Interim recommendations for Janssen COVID-19 vaccine use updated: WHO

The Australia government said on Sunday that the nation would cross the 46 million vaccinations by midday.
Vaccine vial. Stock photo: By Ali Raza/Pixabay

Geneva, Dec 10 (MNN) The WHO said on Friday that countries can now consider use of either a one- or two-course of Janssen vaccine for the treatment of Covid-19.  The one-dose schedule is an under Emergency Use Authorisation (EUL) regimen.

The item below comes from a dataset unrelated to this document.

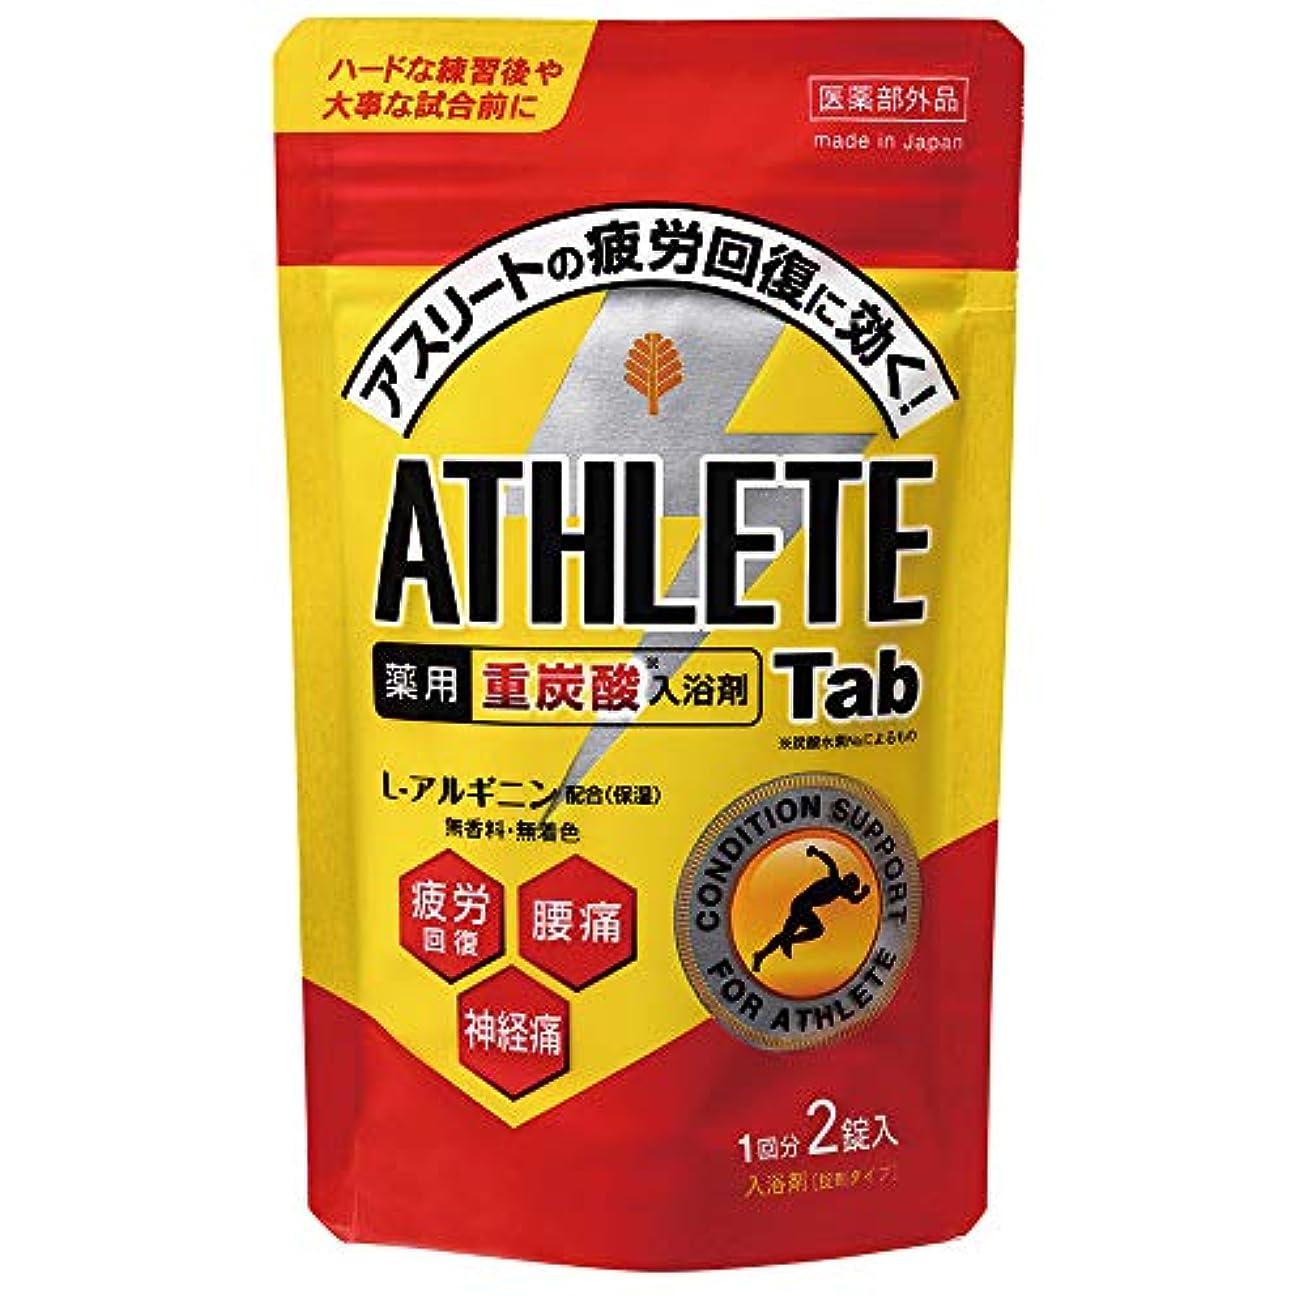 フィドル愚かパニック日本製 made in japan 薬用 ATHLETE Tab2錠x1パック BT-8572 【まとめ買い12個セット】

The World Health Organisation said that this follows updation of the interim recommendations on the use of Janssen’s Ad26.COV2.S vaccine for the treatment of Covid-19.

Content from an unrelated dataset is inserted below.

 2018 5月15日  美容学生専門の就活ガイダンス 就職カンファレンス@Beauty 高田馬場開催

“In some circumstances, using one dose may have advantages.  Many countries face severe vaccine supply constraints, combined with a high disease burden. A single dose of the vaccine is efficacious and makes it possible to increase vaccine coverage rapidly, which in turn will reduce the burden on health care systems by preventing severe disease outcomes. A single dose may also be a preferred option for vaccinating hard-to-reach populations or populations living in conflict or insecure settings,” the world body said.

The WHO said that a second dose may be appropriate as vaccine supplies and/or accessibility increases. Countries should consider offering a second dose, beginning with the highest priority populations (e.g. healthcare workers, older people, people with comorbidities) as indicated in the WHO Prioritisation Roadmap.

The administration of the second dose will result in increased protection against symptomatic infection, and against severe disease.

A heterologous vaccine (COVID-19 vaccine from another vaccine platform that has received EUL) can also be considered for the second dose.

The WHO said that countries can also consider a longer interval between doses. A second dose two months after the initial dose substantially increases efficacy, especially against symptomatic infections, including when caused by SARS-CoV-2 variants of concern, it added.

“An even longer interval between the two doses with Ad26.COV2.S (6 months rather than 2 months) has been shown to result in a larger increase in immune responses in adults.  Countries can therefore consider an interval of up to 6 months based on their epidemiological situation, and needs of sub-populations.”

The recommendations were developed on the basis of advice by the Strategic Advisory Group of Experts (SAGE) on Immunisation and the evidence summary included in requisite document.